Trac comment by melkins on 2014-11-19T18:28:22Z

sraustein commented 9 years ago

In [changeset:"6026"]: {{{

!CommitTicketReference repository="" revision="6026"

enable logging rpki.async to the apache log file. see #681 }}}

Trac comment by melkins on 2014-11-19T18:36:53Z

sraustein commented 9 years ago

The signal.signal() calls are setting up signal handlers for SIGTERM etc so that signals sent to this process will cause a clean exit from the asynchronous I/O system. In theory nothing bad should happen if they aren't set and nobody sends those signals.
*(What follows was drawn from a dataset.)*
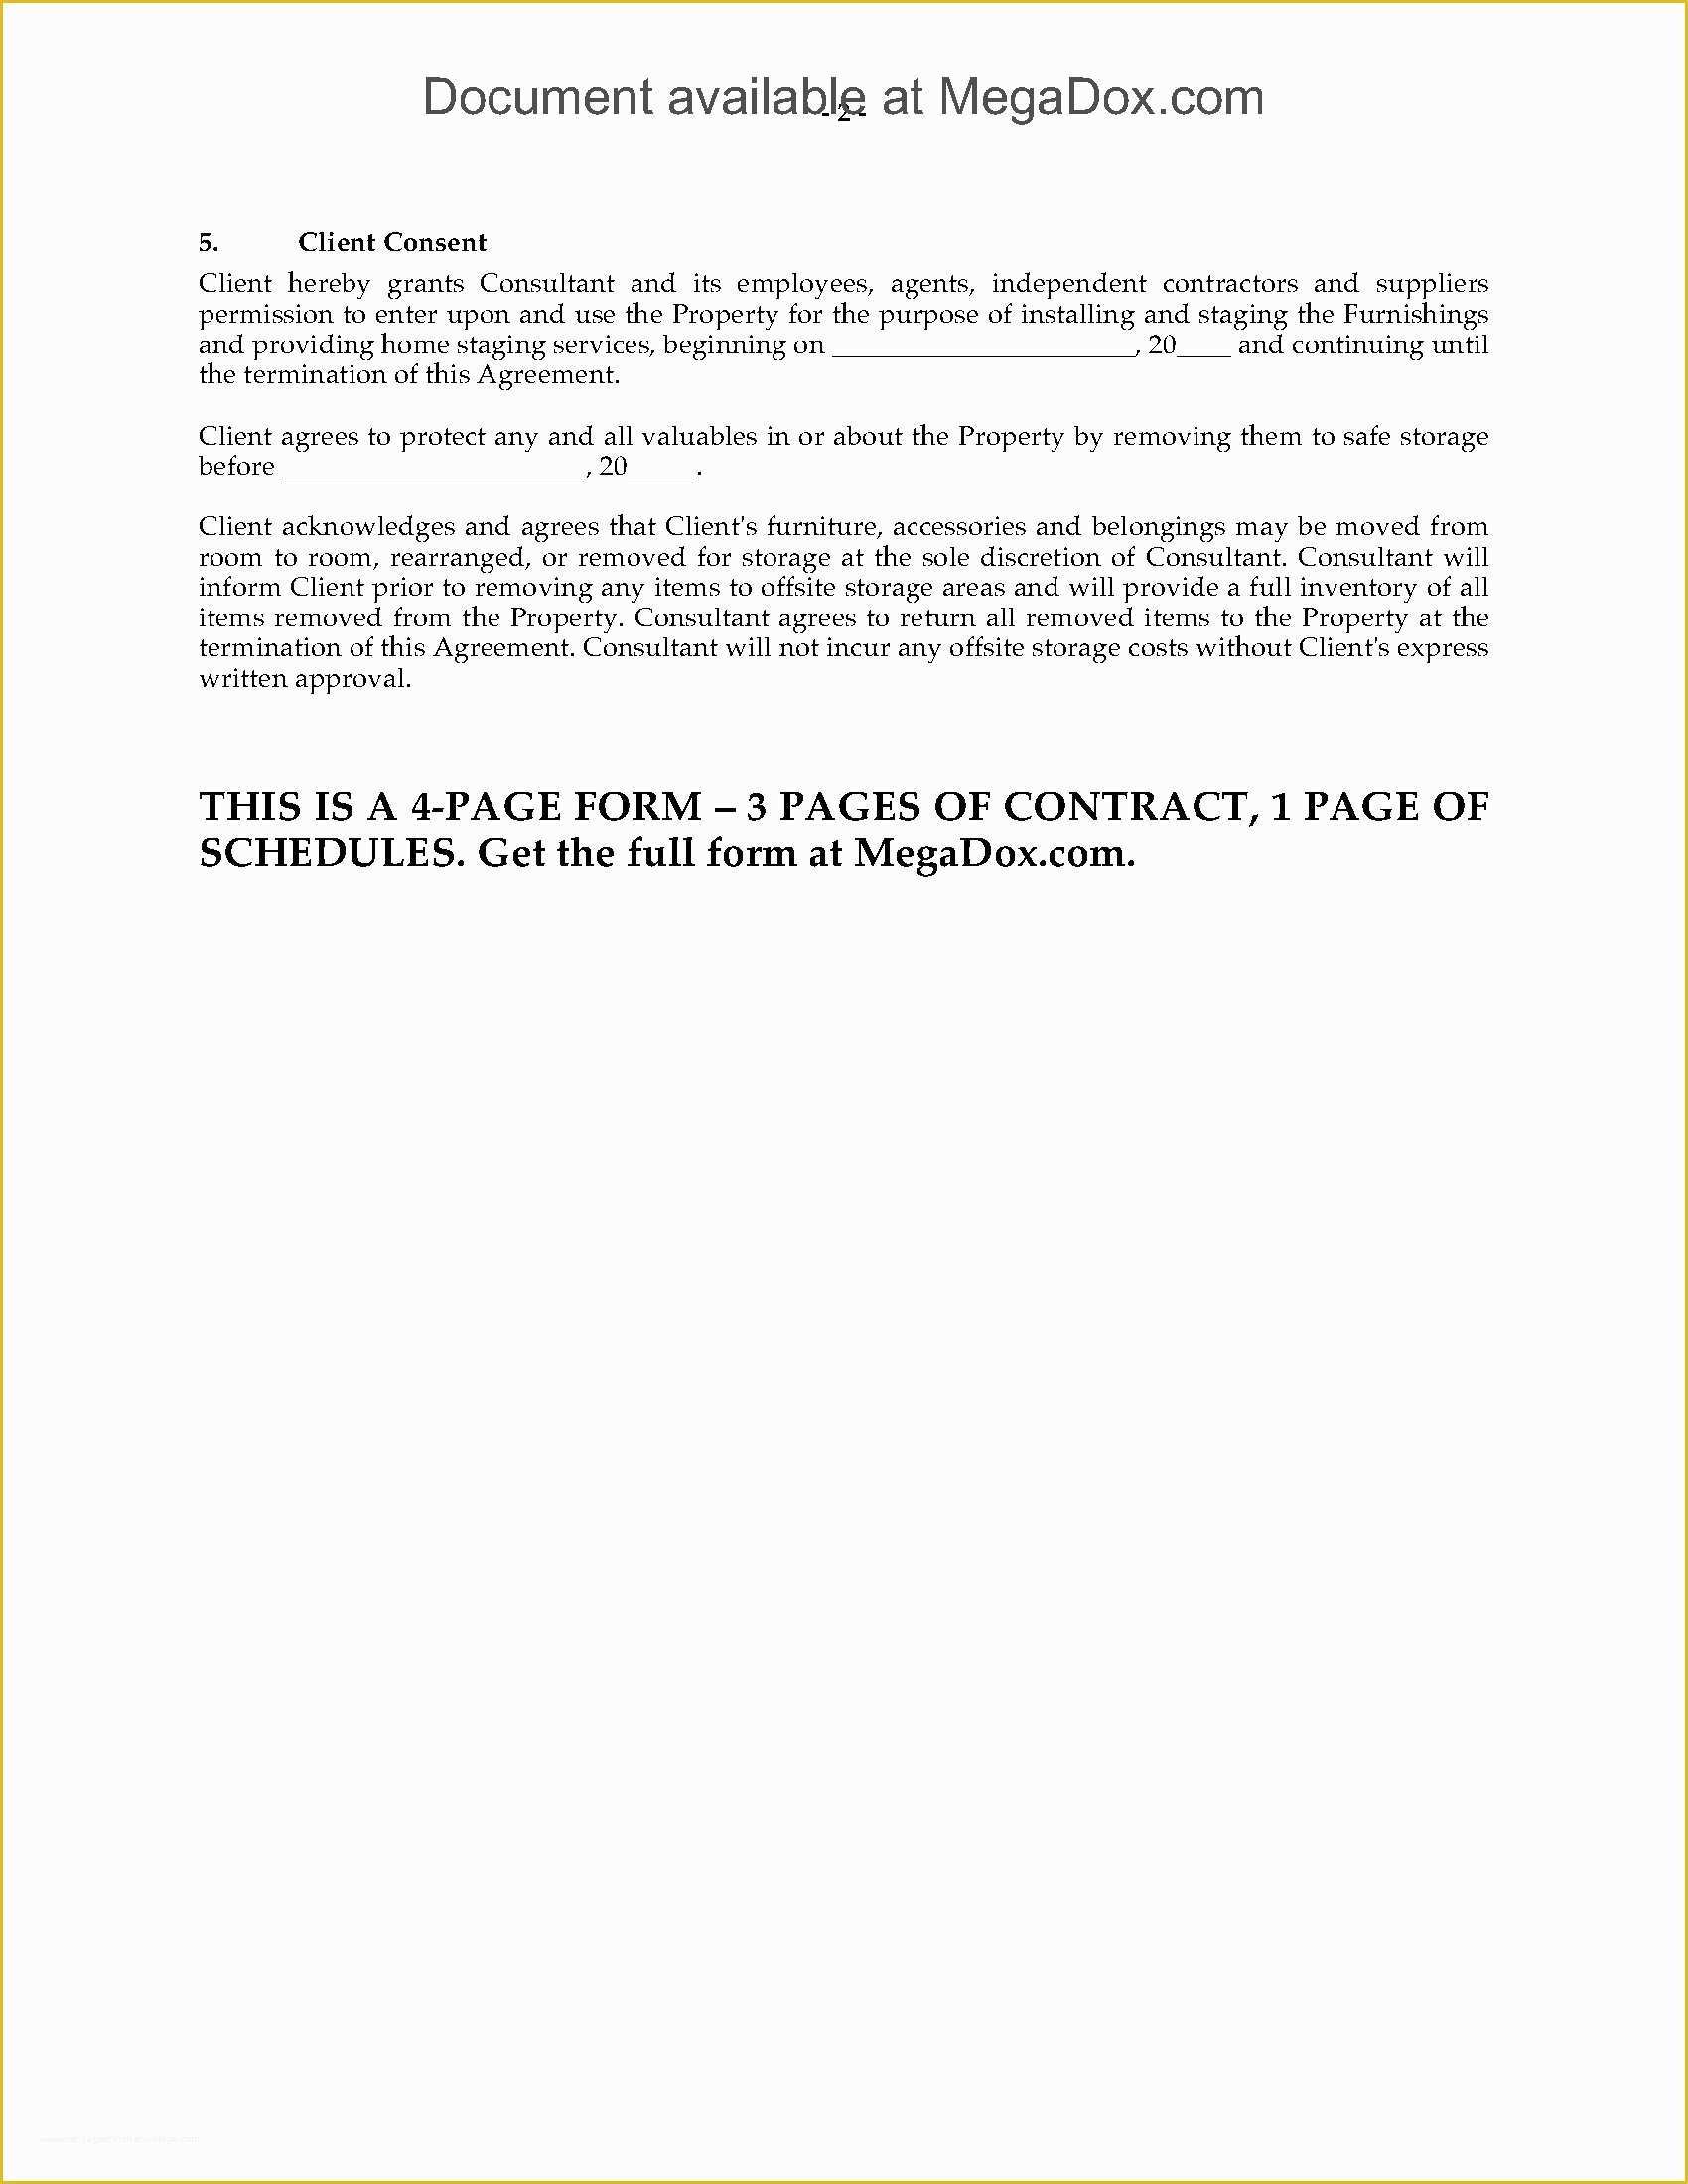 Free Home Staging Contract Template Of Home Staging Furniture Rental Contract

Looking at the context in which this is happening (rpki.async.event_loop()), it looks like the exception you're seeing while trying to set the signal handler will cause event_loop() to exit without ever running the event loop itself, which may be the real problem.
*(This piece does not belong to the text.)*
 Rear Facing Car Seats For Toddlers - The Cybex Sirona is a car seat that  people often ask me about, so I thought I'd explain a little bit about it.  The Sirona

Things this theory does not explain:

If we think that mod_wsgi really just does not want us to set signal handlers, it would be easy enough to add an option somewhere in the rpki.async.sync_wrapper() class which passes an empty tuple of signal numbers to event_loop().

Does the mod_wsgi doc have any comment on signal handlers?

Trac comment by sra on 2014-11-19T19:02:32Z

sraustein commented 9 years ago

On 11/19/2014 11:02 AM, Trac Ticket System wrote:

The signal.signal() calls are setting up signal handlers for SIGTERM etc so that signals sent to this process will cause a clean exit from the asynchronous I/O system. In theory nothing bad should happen if they aren't set and nobody sends those signals.

Looking at the context in which this is happening (rpki.async.event_loop()), it looks like the exception you're seeing while trying to set the signal handler will cause event_loop() to exit without ever running the event loop itself, which may be the real problem.

Things this theory does not explain:

  • Why does this only happen sometimes rather than for all GUI instances?
  • Why is there nothing in the log from the catch-all logger.exception() call towards the end of this function?

I've only selectively enabled logging in rpki.gui.default_settings.py. Just pushed a change to turn it on for rpki.async. Are there any other modules that should be enabled here as well?

https://trac.rpki.net/changeset/6026

If we think that mod_wsgi really just does not want us to set signal handlers, it would be easy enough to add an option somewhere in the rpki.async.sync_wrapper() class which passes an empty tuple of signal numbers to event_loop().

Does the mod_wsgi doc have any comment on signal handlers?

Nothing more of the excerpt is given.